Running Miui 1.12.9 and loving it. Small problem occured today.... I did a battery calibration last night before bed with a 100% charge. I woke this morning to 90% and continued my day and went to work with the anticipation to kill the battery and fully recharge. Later this evening my dx finally died and i plugged it in... Red M.. boot animation... lockscreen... reboot....I tried 2 different chargers and the same thing continued to occur. I also wiped data. cache, and dalvik all with no change to phones current state...... I was at work so i had to leave the phone dead till i got home... walked in the door tonight and plugged it into my charger and same thing happened... I followed that by plugging it into the computer and the green charge led turned on but phone did not. I let it sit for about ten mins and plugged it back into my wall charger and it booted right up with no constant reboot...??

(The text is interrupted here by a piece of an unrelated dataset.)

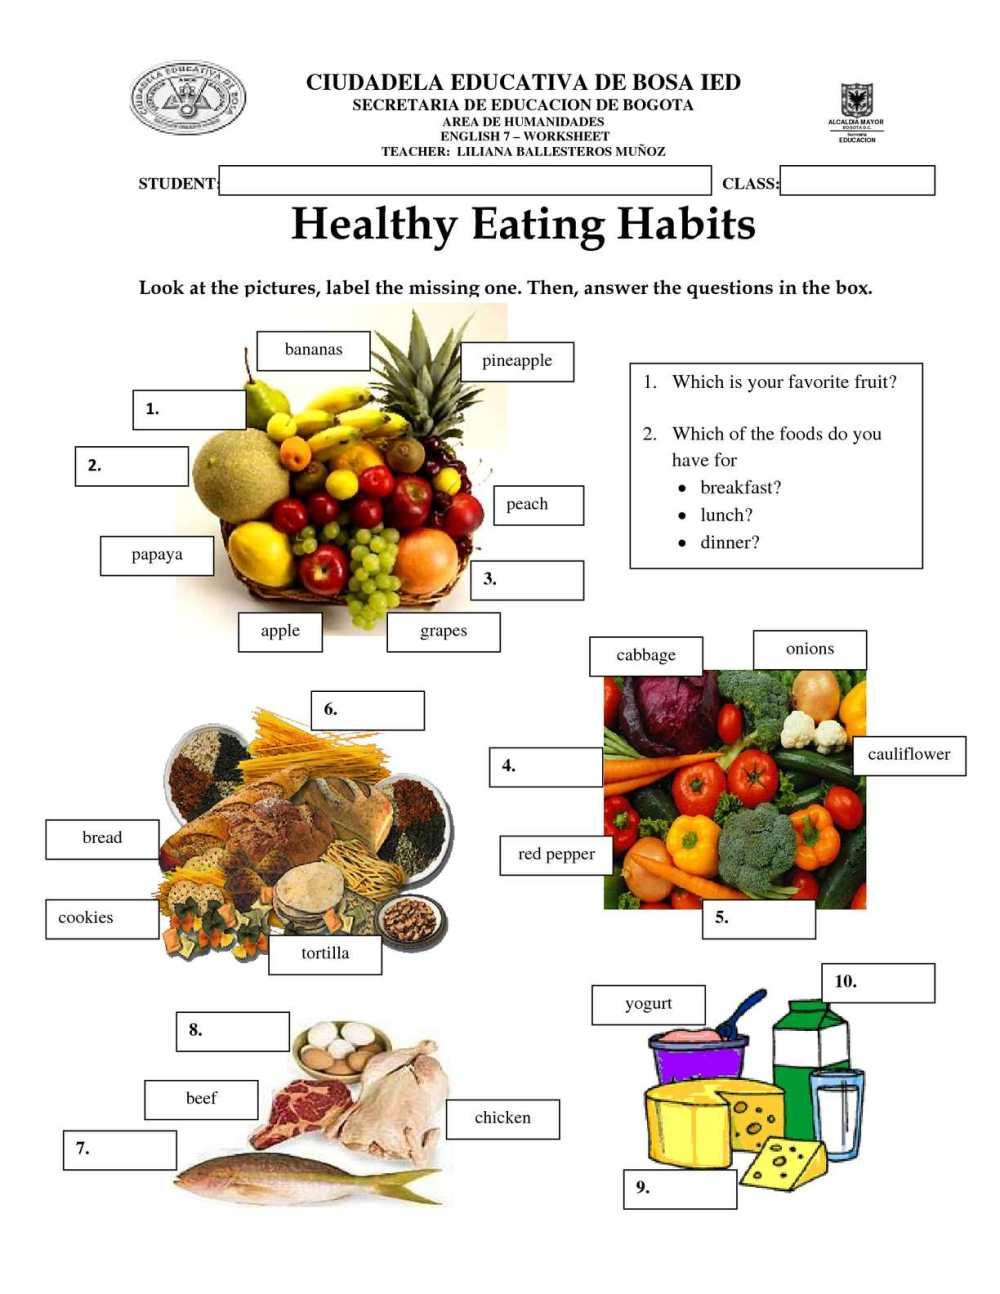 medium resolution of Calaméo - Worksheet Healthy Eating Habits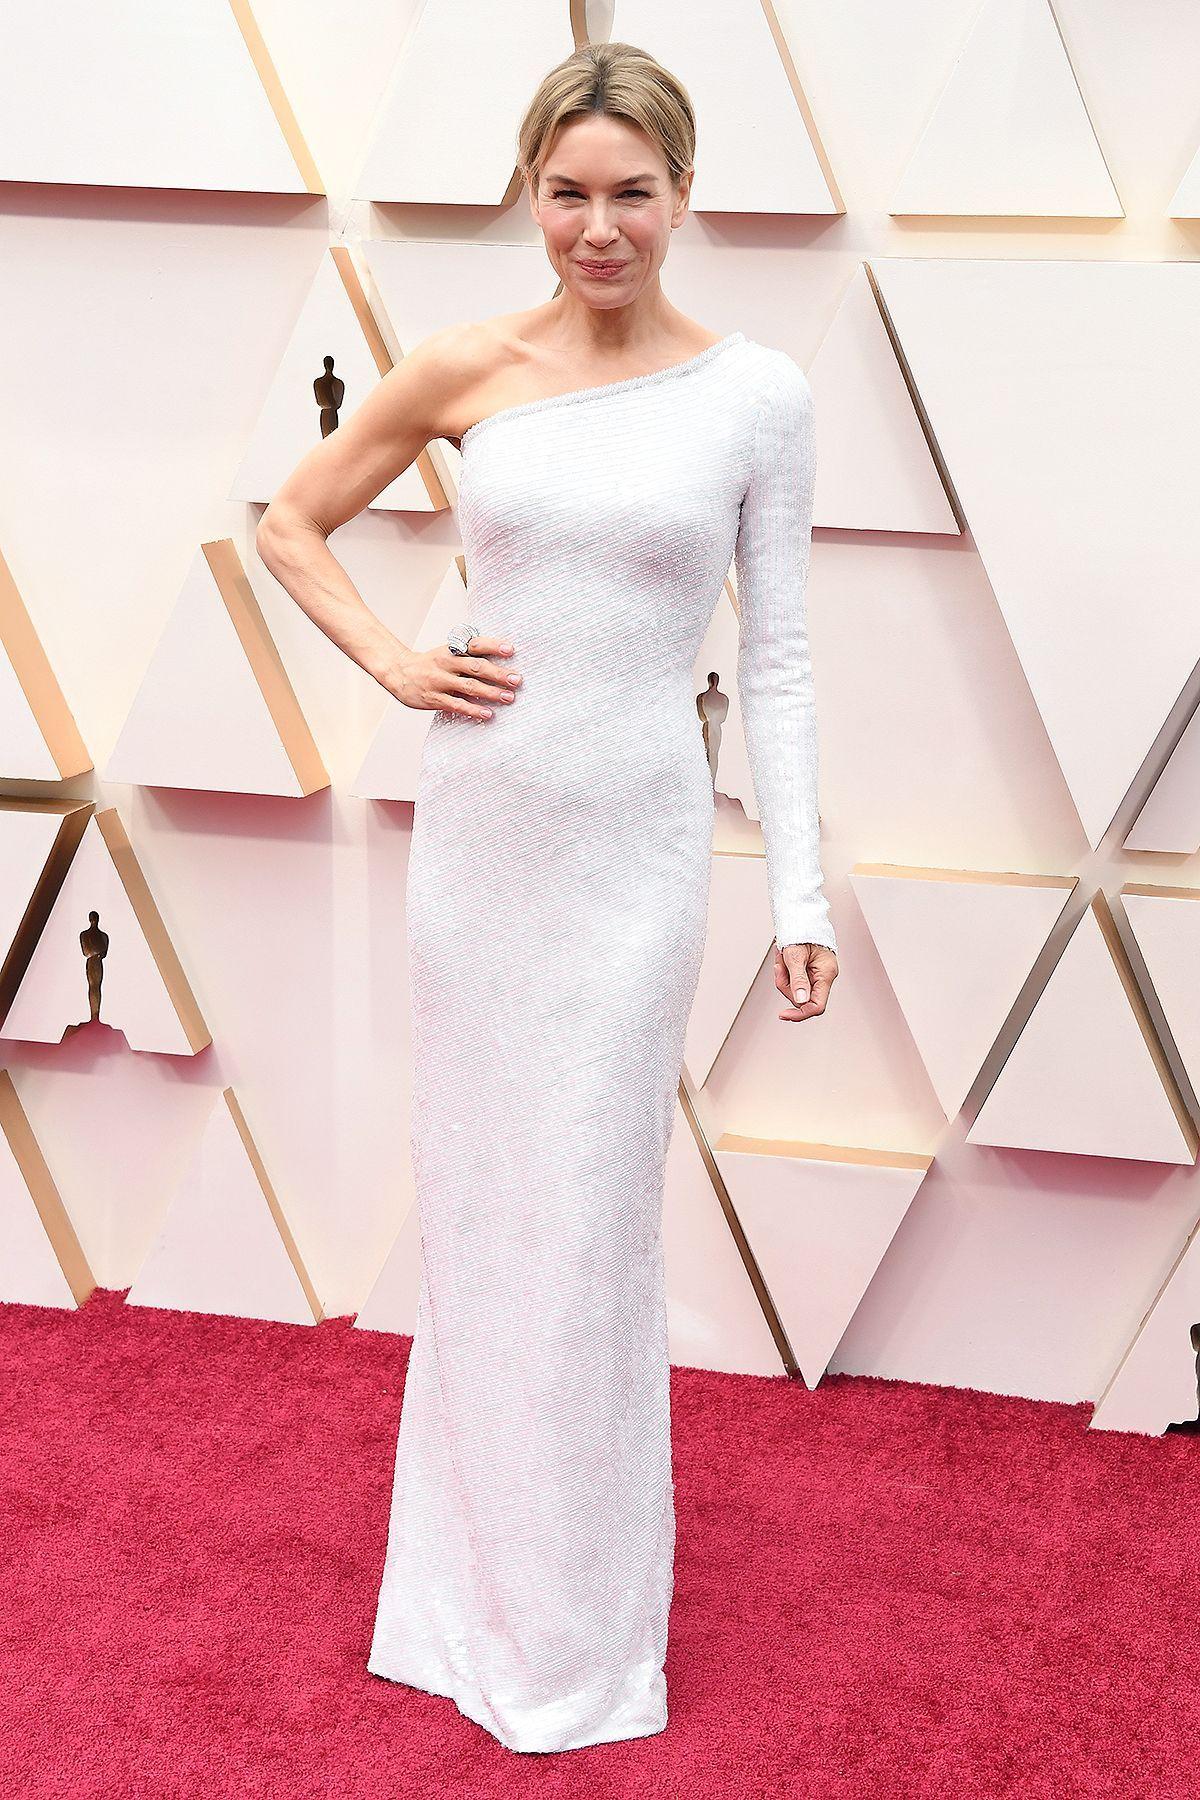 See all the stars on the Oscars red carpet -  Oscars 2020: See all the stars on the red carpet  - #AlexaChung #AngelaSimmons #CannesFilmFestival #Carpet #CelebritiesFashion #CelebrityStyle #CurvyPetiteFashion #DianeKruger #EmmaRoberts #FashionDesigners #FashionTrends #KendallJennerOutfits #KimKardashian #LouisVuitton #LouisVuittonHandbags #LouisVuittonMonogram #LvHandbags #MichaelKorsBag #MiraDuma #MiroslavaDuma #Oscars #RachelBilson #RayBanOutlet #RayBanSunglasses #RayBans #Red #RedCarpetDress

Any thoughts or suggestions... its currently charging and i am debating on a full charge and a sbf just for the hell of it....


----------



## runnirr (Aug 27, 2011)

I've had that happen a few times. I just assumed it used more power turning on than the cord provided.

I no longer let my battery die fully. I never calibrate my battery. I think it's all placebo anyway.


----------



## Jubakuba (Sep 8, 2011)

I haven't had that...
But I know there was a problem on 2nd init roms (that again, I've never personally experienced...but it was confirmed) where it would sometimes refuse to charge from a fully dead battery.
Plugging it in a few times is the fix, lol.

But ya, I'd say it's "normal" and you're fine.


----------